На миг меня охватило желание убежать, не совершать того, что мне недавно внушало такое отвращение: но любопытство взяло верх над благоразумием, и я не двинулся с места. Увы, греховность нашей натуры часто оказывается сильнее всех благих намерений. К тому же досада, злоба, отчаяние подстрекали меня отомстить, поступить с моей госпожой так же, как она хотела, чтобы я поступал с другими.
«А, ты приказала мне подслушивать? – злорадно сказал я себе. – Вот я и подслушаю».
Незнакомая дама испустила несколько горестных вздохов, кажется, даже всхлипнула. Затем сказала громко и взволнованно:
– Надо, чтобы Лесбию не привлекали к этому делу.
– Ее устранить будет очень трудно, ведь установлено, что именно она передавала письмо, – возразила моя госпожа.
– Но это необходимо, – продолжала дама. – Любой ценой надо добиться, чтобы Лесбия не была привлечена, не давала показаний. Я не решаюсь сказать Кабальеро об этом, но ты, ты сумеешь искусно ввернуть словечко.
– Лесбия – самый заклятый наш враг, – сказала Амаранта. – Заговор принца был для этой негодяйки поводом, чтобы объявить нам войну. Какие сплетни она распространяет! Сколько нелепостей сочиняет! Змеиным языком она беспощадно жалит свою благодетельницу, да и на меня злится, распространяет про меня всякие ужасы.
– Наверно, все о делах давно минувших, – заметила тонкогубая дама. – Большую оплошность ты сделала, сообщив ей эту тайну пятнадцатилетней давности, о которой ни одна живая душа не знала.
– Согласна, – задумчиво молвила моя госпожа.
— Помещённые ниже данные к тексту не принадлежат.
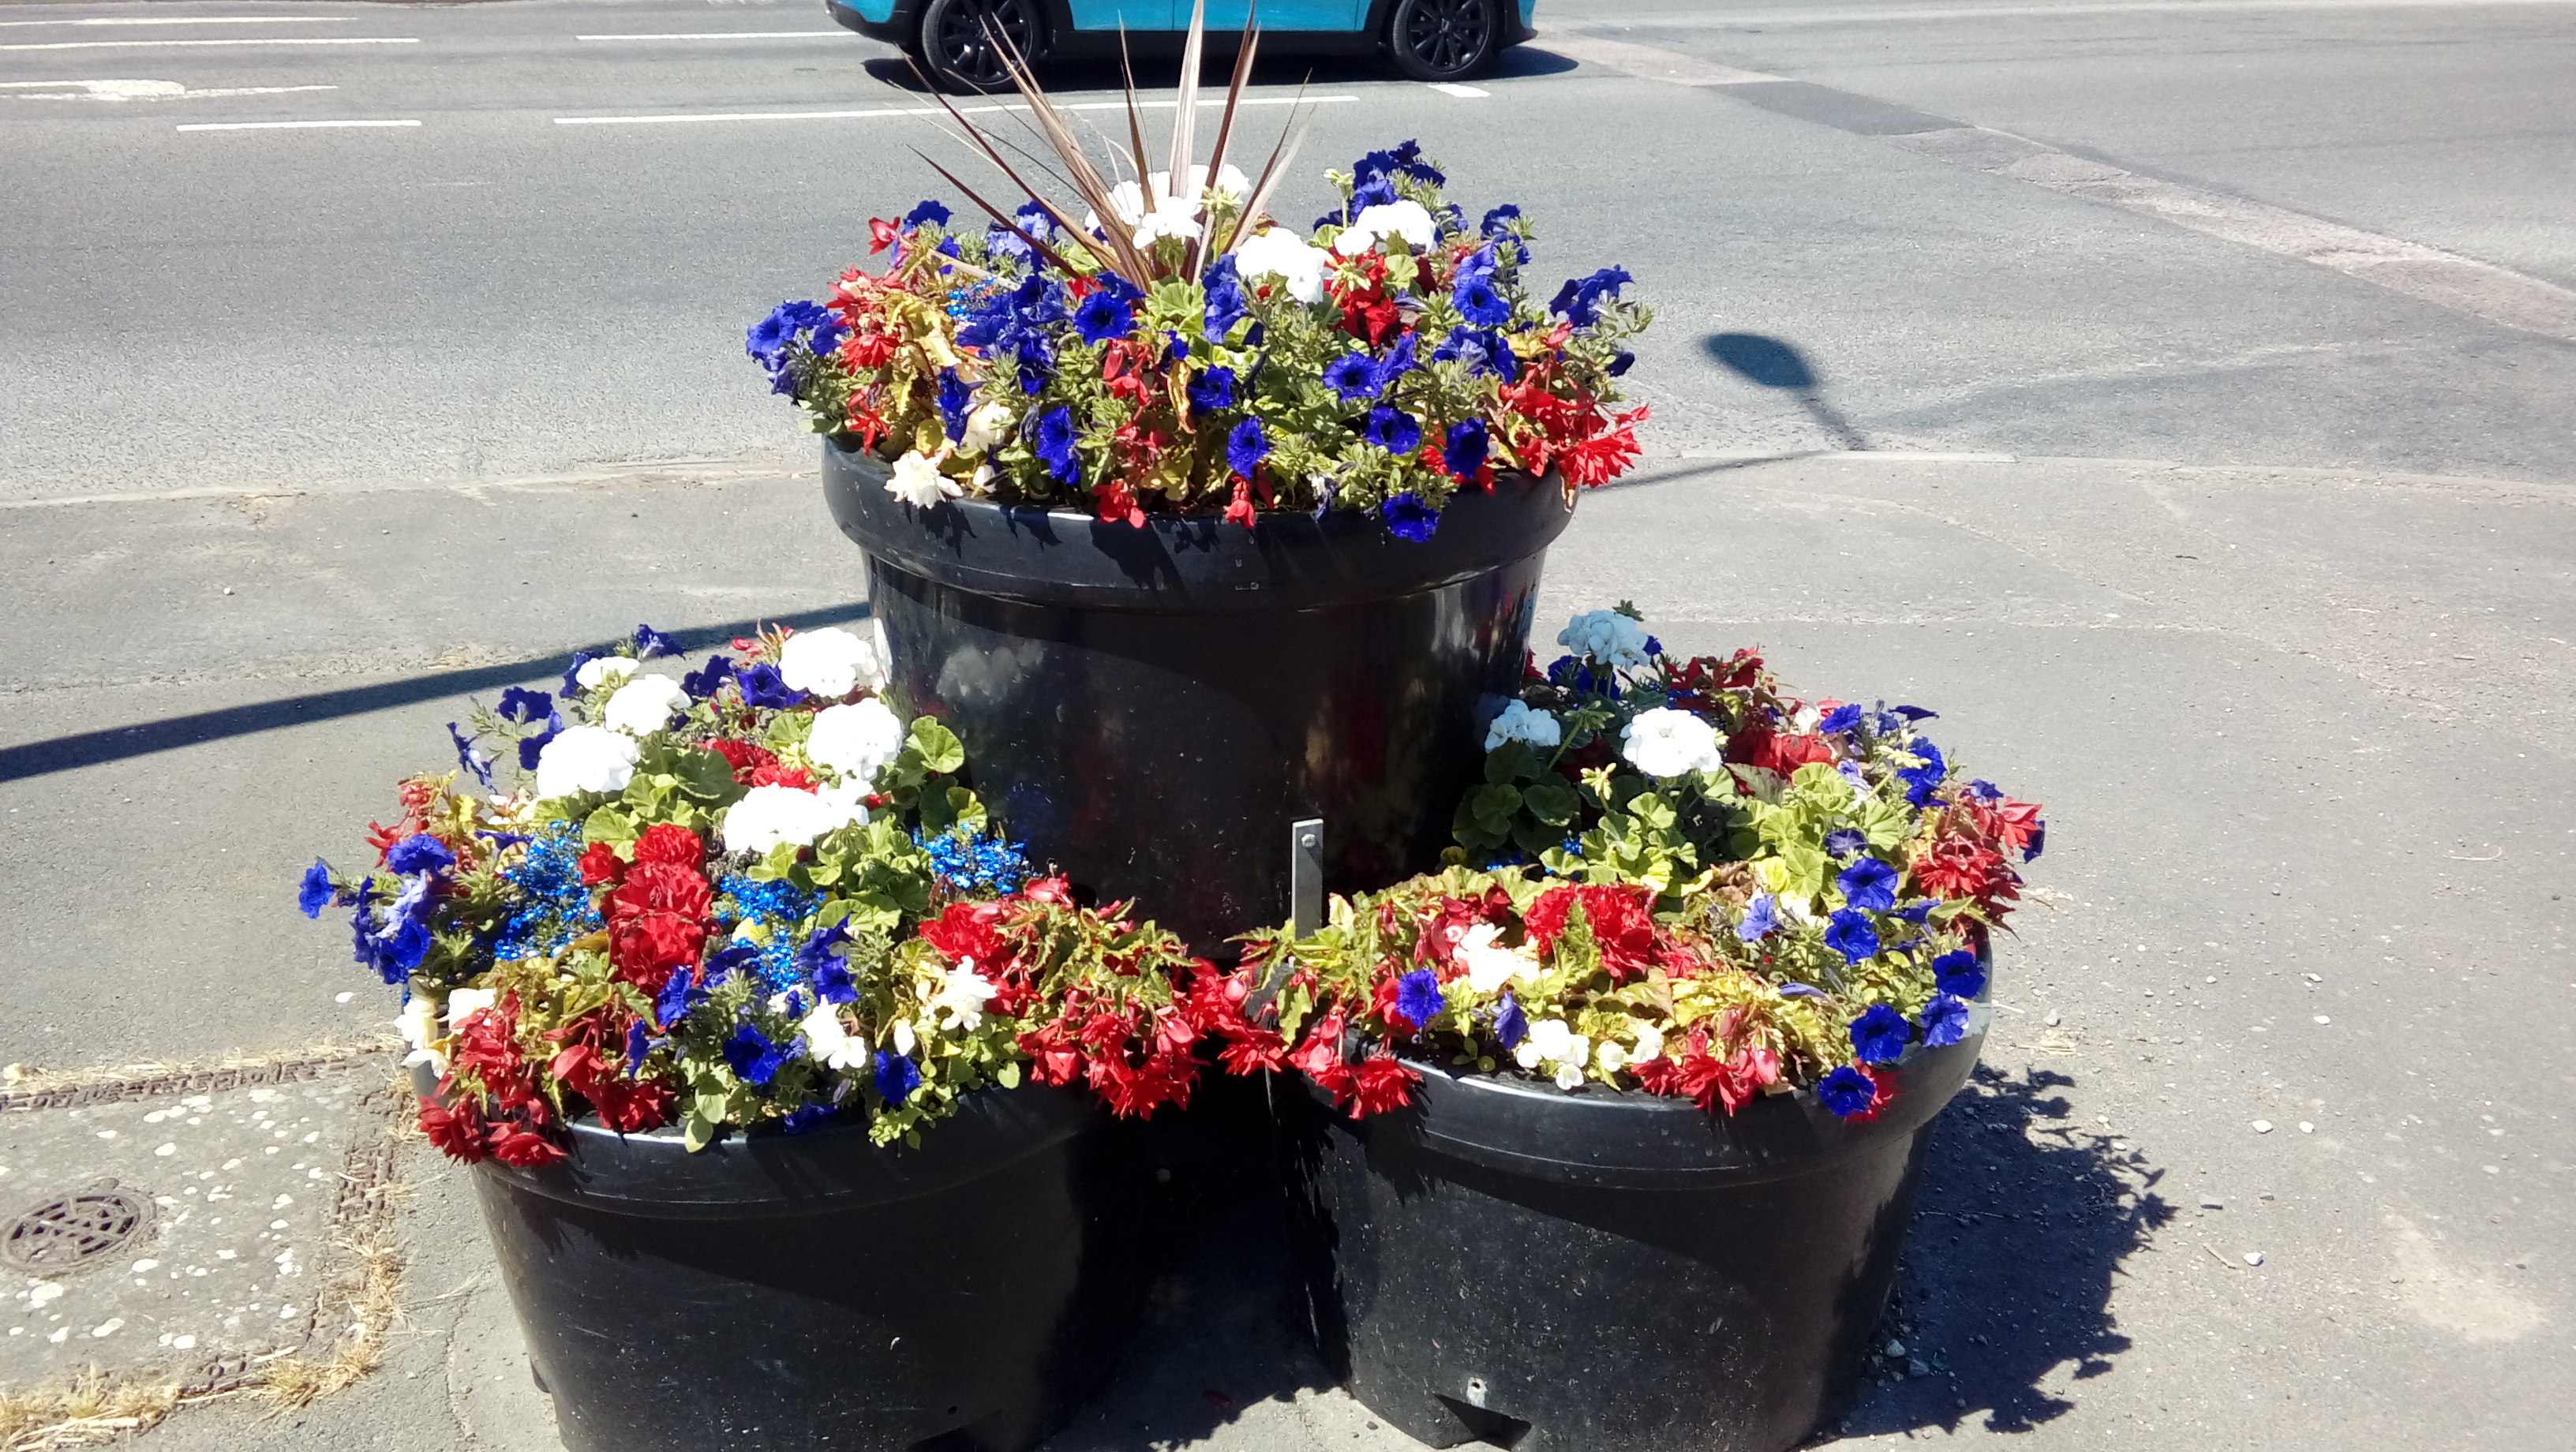 3 baskets of red blue and white flowers

– Но не надо падать духом, дорогая, – продолжала гостья. – Нам приписывают столько грехов и таких чудовищных, что можно считать это искуплением за те грехи, которые мы совершили в действительности, и находить утешение в мысли, что настоящие наши грехи сравнительно с теми, выдуманными, – это сущая безделица. Нет, имя Лесбии не должно упоминаться в деле. Предупреди об этом Кабальеро, не то завтра ее могут арестовать, а на допросе она непременно мне отомстит, у нее есть против меня страшные улики. Я в отчаянии, я знаю ее низость, ее наглость, она способна на самые гнусные поступки.
– Да, ей, наверное, известны важные тайны. Быть может, у нее даже хранятся какие-то письма или вещи?
– О да, – с волнением отвечала незнакомая дама. – Но ведь ты и так все знаешь – зачем же спрашиваешь?
– Ну что ж, как мне это ни тяжело, скажу Кабальеро, чтобы обошлись без нее. Мерзавка вчера похвалялась здесь, в этой комнате, что ее не посмеют тронуть.
– У нас будут другие возможности… Пока оставим ее в покое: И поделом мне за беспечность! Как я могла довериться ей? Как не разглядела, что под личиной веселья и легкомыслия прячется двоедушие и коварство? Я была глупа, меня пленила ее приветливость; она так старалась услужить, просто очаровала меня, и я, забыв об осторожности, делилась с нею всем. Вспоминаю, как мы втроем тайно уходили из дворца – было это лет пять тому назад, когда мы некоторое время жили в Мадриде. А потом я узнала, что в один из этих вечеров она донесла кое-кому, куда мы отправляемся, и меня выследили. Мы-то с тобой ничего не заметили, мы не знали, что Лесбия нас предала, и, если бы не одно удивительное совпадение, я бы еще долго не подозревала, какая она двуличная.
– Этот чванливый дурень Маньяра, – сказала моя госпожа, – совсем вскружил ей голову.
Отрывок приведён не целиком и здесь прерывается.